Section 702 and the Collection of International Telephone and Internet Content
Programs initiated just after 9/11 involving the interception of communications to and from the United States shifted to the 2007 Protect America Act and, subsequently, the 2008 FISA Amendments Act. It was not until 2013 that the public became fully aware that the NSA interprets its authority under FISA §702 to intercept international, and at times, wholly domestic, communications. This Article is the first to question whether the NSA’s interpretations are statutorily consistent and constitutionally sound.
The Article begins with a statutory analysis, considering targeting, post-targeting analysis, and the retention and dissemination of data. In the first category, targeting, the Article argues that the NSA has sidestepped legislative restrictions in three critical ways: by adopting procedures that allow analysts to acquire information to, from, or “about” targets; by creating an assumption of non-U.S. person status; and by failing to construct adequate procedures to ascertain whether the target is located within domestic bounds. These interpretations undermine Congress’s inclusion of §§703 and 704 and open the door to the collection of U.S. persons’ communications. In the second category, post-targeting analysis, the Article draws attention to the aim of the analysis, the failure of prior minimization procedures to account for multi-communication transactions, the use of U.S. person information to query data, and the impact of recombinant information on §702 collection. In the third category, the retention and dissemination of data, the Article notes that increasing public reliance on cryptography raises questions about the automatic retention of encrypted data, even as the breadth of “foreign intelligence” underscores the danger of looking to retention policies to delimit information retained. The use of the data obtained under §702 for criminal prosecution, while consistent with traditional FISA, fails to reflect the equivalent procedural protections at the collection stage. This discussion leads naturally to Fourth Amendment considerations.
As a constitutional matter, outside of narrowly circumscribed exceptions, a search in criminal law is presumptively unreasonable under the Fourth Amendment unless the government first obtains a warrant from a neutral, disinterested magistrate, based on a finding of probable cause of involvement in criminal activity. This applies to all searches within the United States. It does not apply to non-U.S. persons without a significant attachment to the country who are outside domestic bounds. Between these book-ends are numerous, slimmer volumes that take account of questions such as whether the search centers on intelligence gathering or criminal prosecution, whether the target is a U.S. person or a non-U.S. person, where the search takes place, and the extent to which U.S. persons’ privacy is implicated.

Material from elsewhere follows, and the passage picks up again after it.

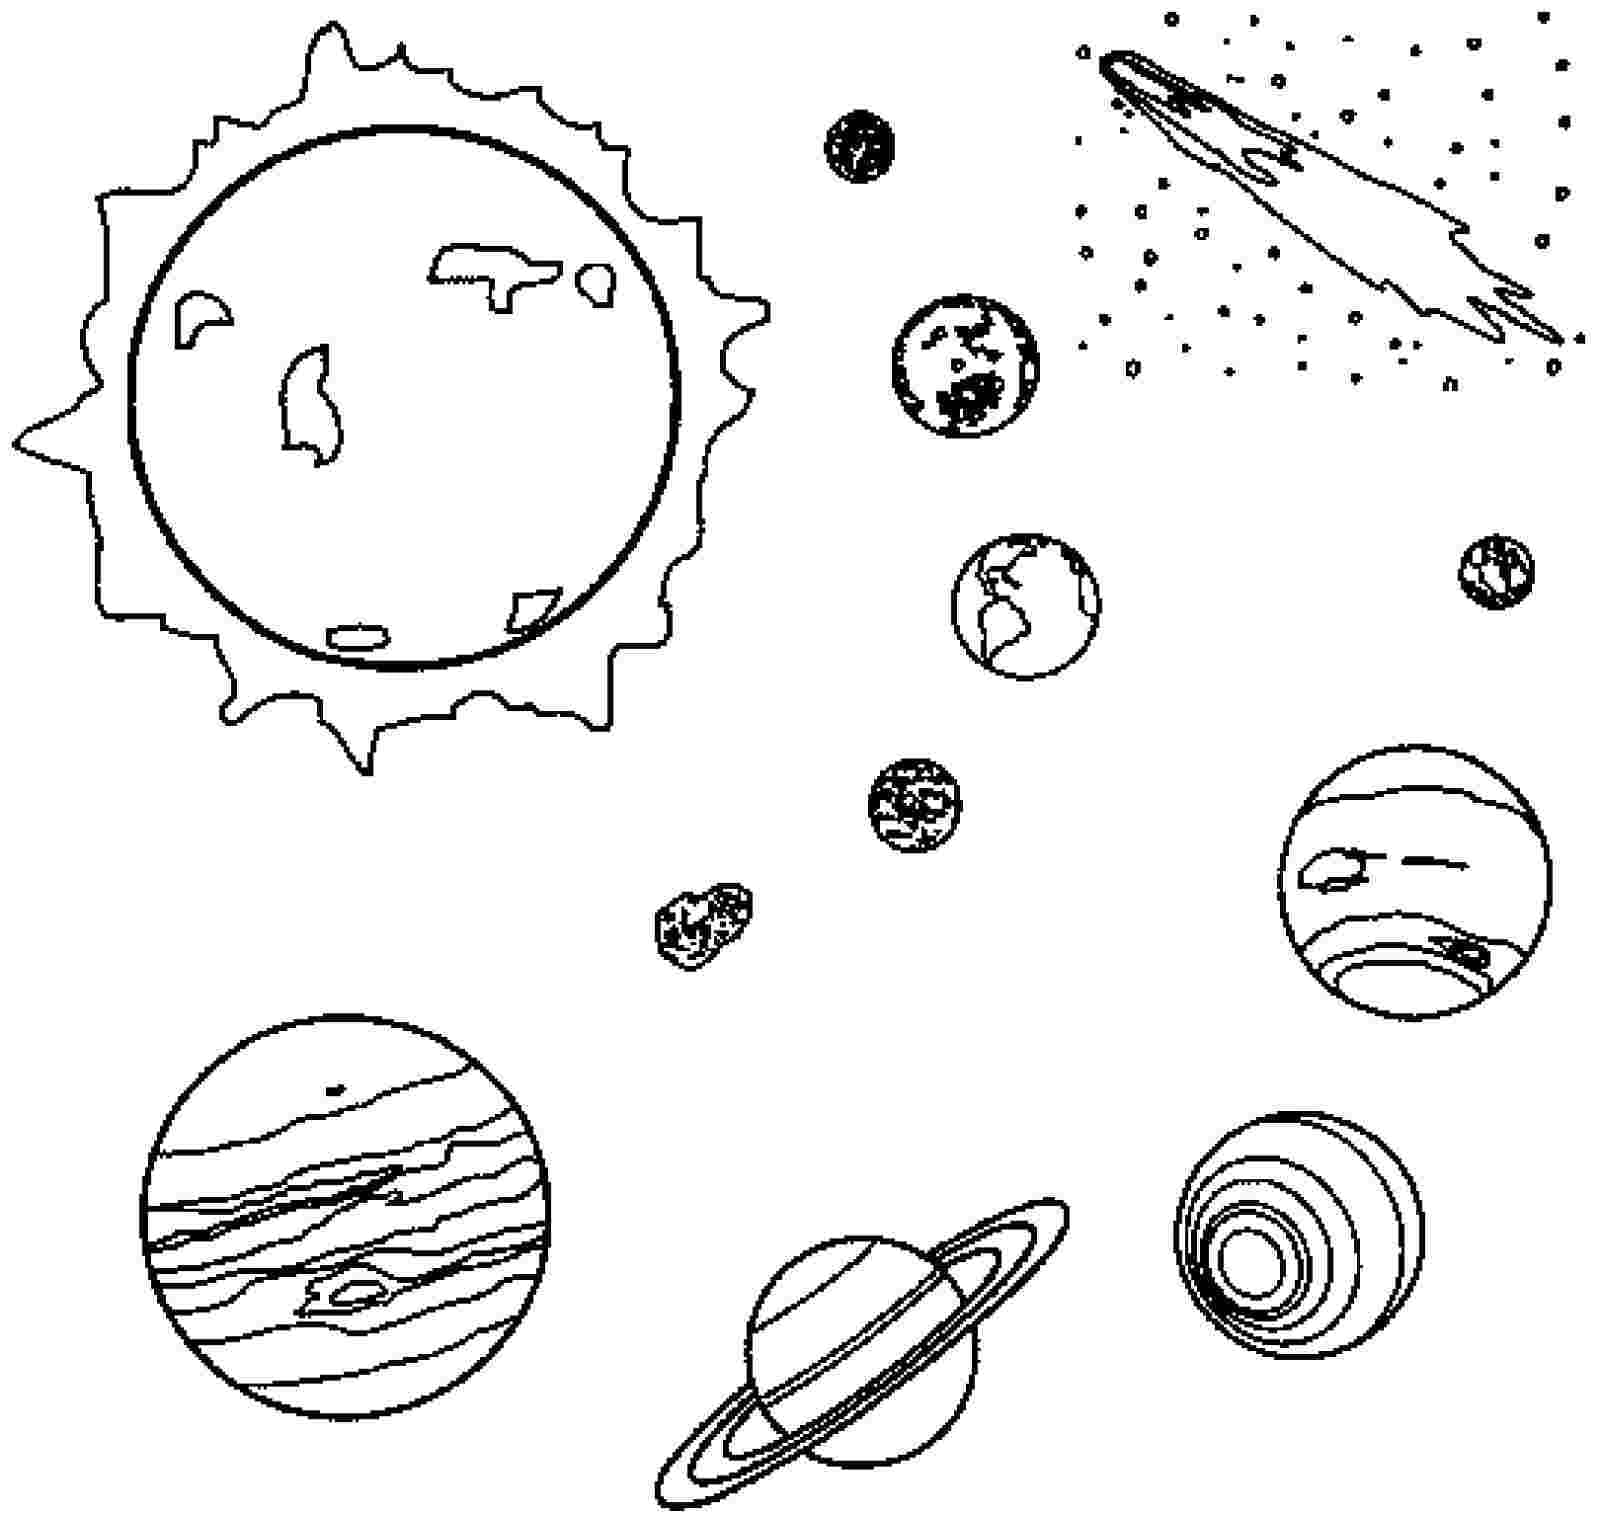 Как раскрасить планеты солнечной системы. Планеты солнечной системы раскраска Марс. Раскраска планеты солнечной системы для детей. Раскраска. В космосе. Космос картинки для детей раскраски.

The Article briefly lays out this broader Fourth Amendment territory before turning to the government’s argument that §702 collection takes place subject to a foreign intelligence exception to the warrant requirement. In the nearly four decades that have elapsed since the Court raised the possibility of such an exception—and in relation to which Congress responded by enacting FISA—not a single case has found a domestic foreign intelligence exception. Pari passu, as a matter of the international intercept of U.S. persons’ communications, practice and precedent prior to the FAA turned on a foreign intelligence exception to the warrant requirement derived from the President’s foreign affairs powers. Through §§703 and 704, Congress has since introduced stronger safeguards for U.S. persons targeted for foreign intelligence purposes. By defaulting to §702, however, and “incidentally” collecting U.S. persons’ international communications, the NSA is bypassing Congressional requirements. Acknowledging that the President and Congress share foreign affairs powers, the persistent use of §702 in this manner may be regarded in Justice Jackson’s third category under Youngstown Sheet & Tube Co. v. Sawyer.
Even if one takes the position that the Warrant Clause is inapposite to collection of U.S. persons’ information under §702, the FAA and NSA practice must still comport with the reasonableness requirements of the Fourth Amendment. To the extent that the target is a non-U.S. person based outside of domestic bounds, and the communications are to or from the target, the programs appear to be consistent with the constitutional mandate. But to the extent that the NSA interprets the statute to include information about such targets, in the process collecting the communications of wholly domestic communications, as well as conversations between U.S. persons, the practice fails to meet the totality of the circumstances test articulated by the Court with regard to reasonableness.